7. A method according to claim 2, wherein the updated state for the state machine is determined based on one or more of:

the determination that the message is within the category of messages;

whether the message contains published data or is a control message;

an identity of the client that transmitted the message;

when the message is a control message, a type of the control message,

when the message contains published data, a topic associated with the data; and

when the message contains published data, the contents of the data.

8. A method according to claim 2, wherein the category of messages associated with the state machine comprises data messages published by the client in accordance with the publish/subscribe messaging protocol.

9. A method according to claim 2, wherein the category of messages associated with the state machine excludes data messages, published by the client in accordance with the publish/subscribe messaging protocol, which are not associated with one or more topics.

10. A method according to claim 2, wherein the category of messages associated with the state machine comprises control messages transmitted by the client in accordance with the publish/subscribe messaging protocol.

11. A method according to claim 2, wherein the category of messages associated with the state machine comprises messages transmitted by an additional client in accordance with the publish/subscribe messaging protocol.

12. A method according to claim 1, the method further comprising:

initiating the state machine in accordance with a pre-configured state machine definition, wherein the pre-configured state machine definition specifies one or more of

the category of messages associated with the state machine;

an identity of the client;

a list of criteria for state transitions of the state machine, each criteria associated with a state transition from a first state of the state machine to a second state of the state machine; and

one or more function definitions, each associated with a respective one or more state transitions.
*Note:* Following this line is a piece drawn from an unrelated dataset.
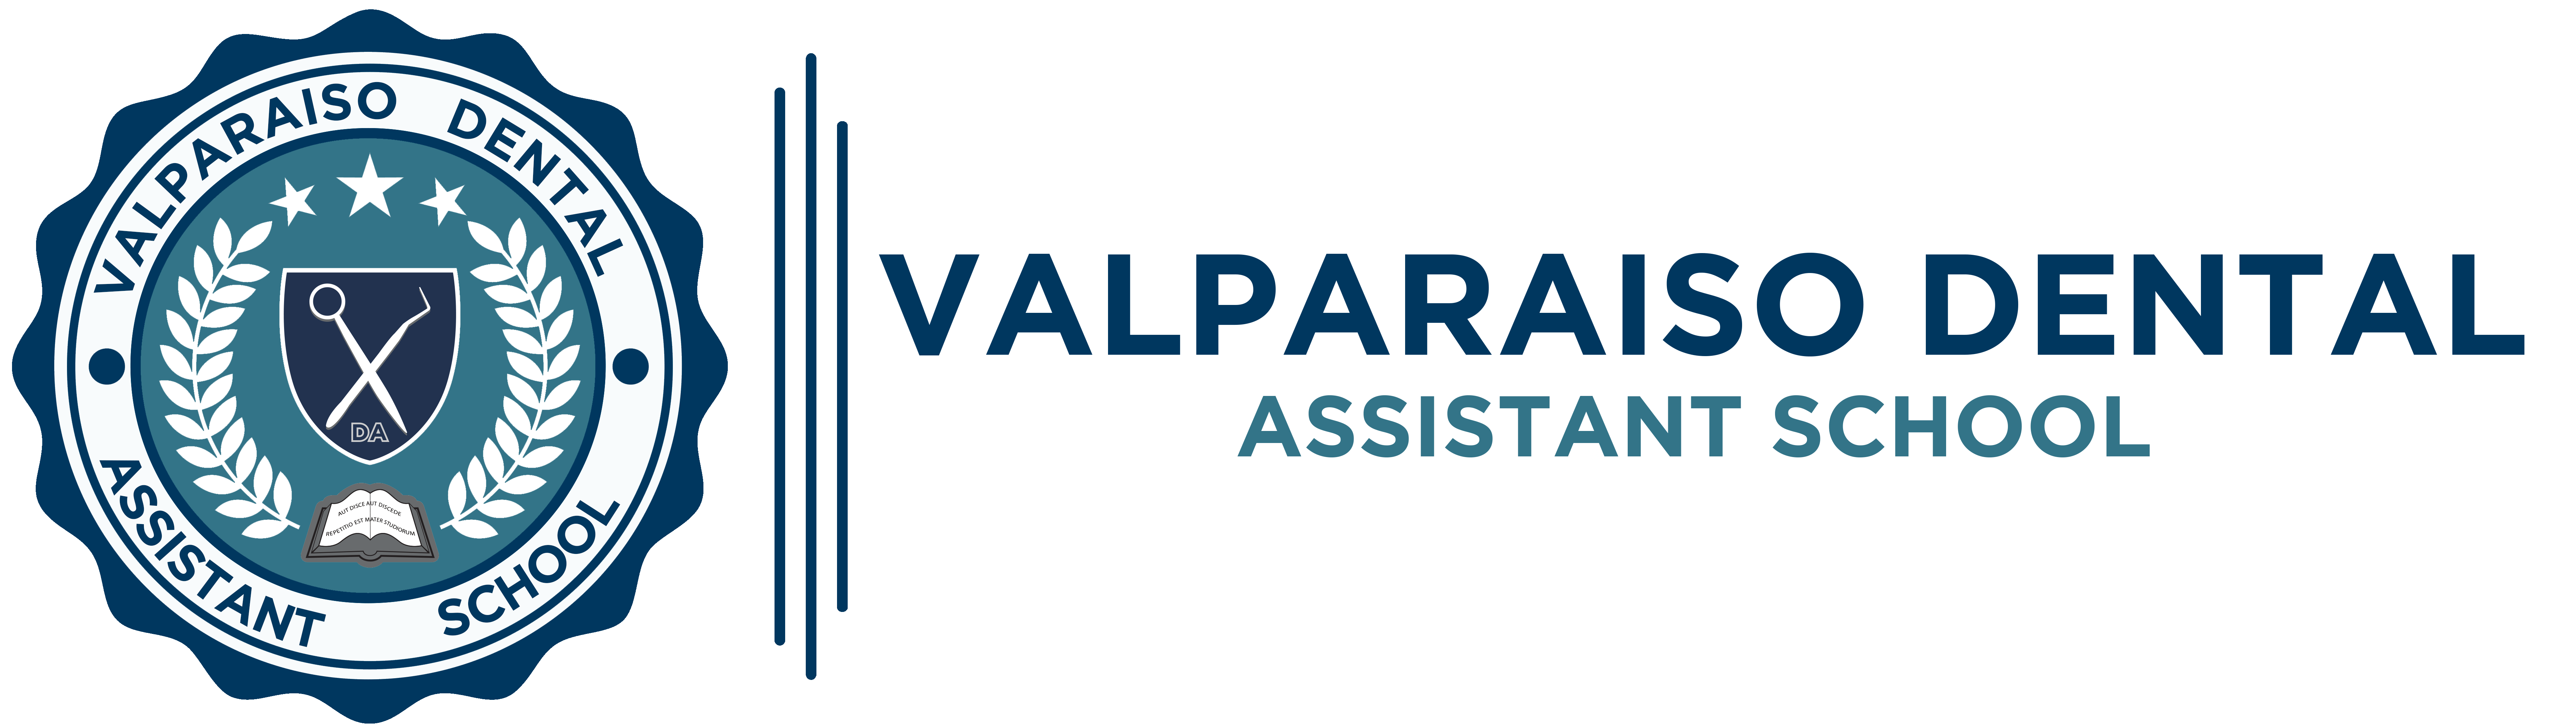 Valparaiso Dental Assistant School Logo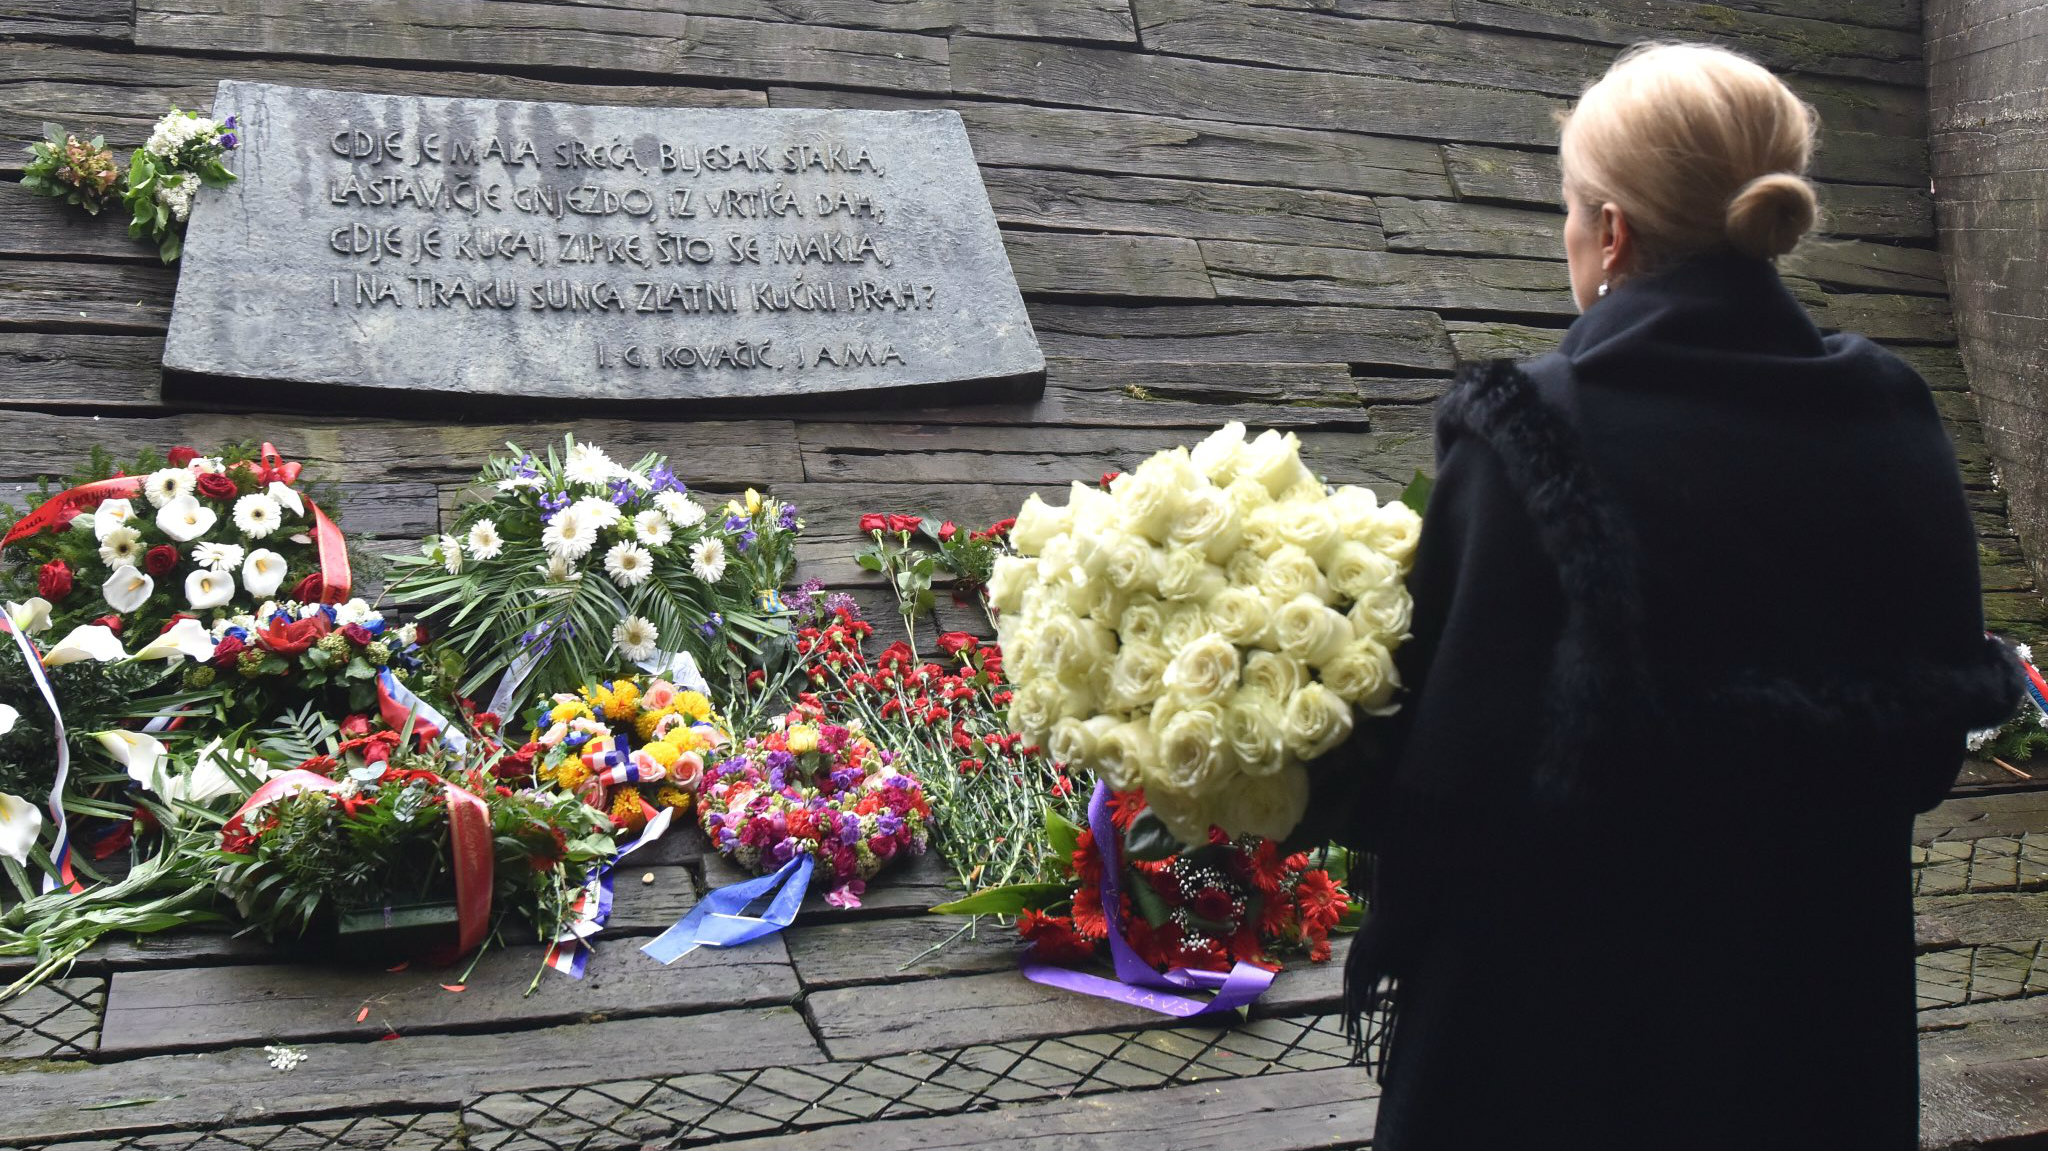 Linta: Dolazak hrvatskih vlasti u Jasenovac ruganje žrtvama 1

13. A method according to claim 12, the method further comprising:

receiving a description of the pre-configured state machine definition.

14. A method according to claim 12, wherein the initiating the state machine is in response to one of:

receiving a message within the category of messages associated with a state machine; and

establishing a connection with the client.

15. A method according to claim 1, the method further comprising:

determining that a connection with the client has been disconnected, and

maintaining the current state of the state machine while the client is in a disconnected state.

16. A method according to claim 1, wherein the publish/subscribe messaging protocol is one selected from a group of protocols comprising MQTT version 5.0, MQTT version 3.1.1, MQTT-SN version 1.2, MQTT-SN version 2.0, or is a updated version of any one of the group of protocols.

17. A data broker apparatus, comprising:

a network interface,

a processor, and

a memory, the memory having stored upon it instructions which, when executed, cause the data broker apparatus to carry out the method of claim 1.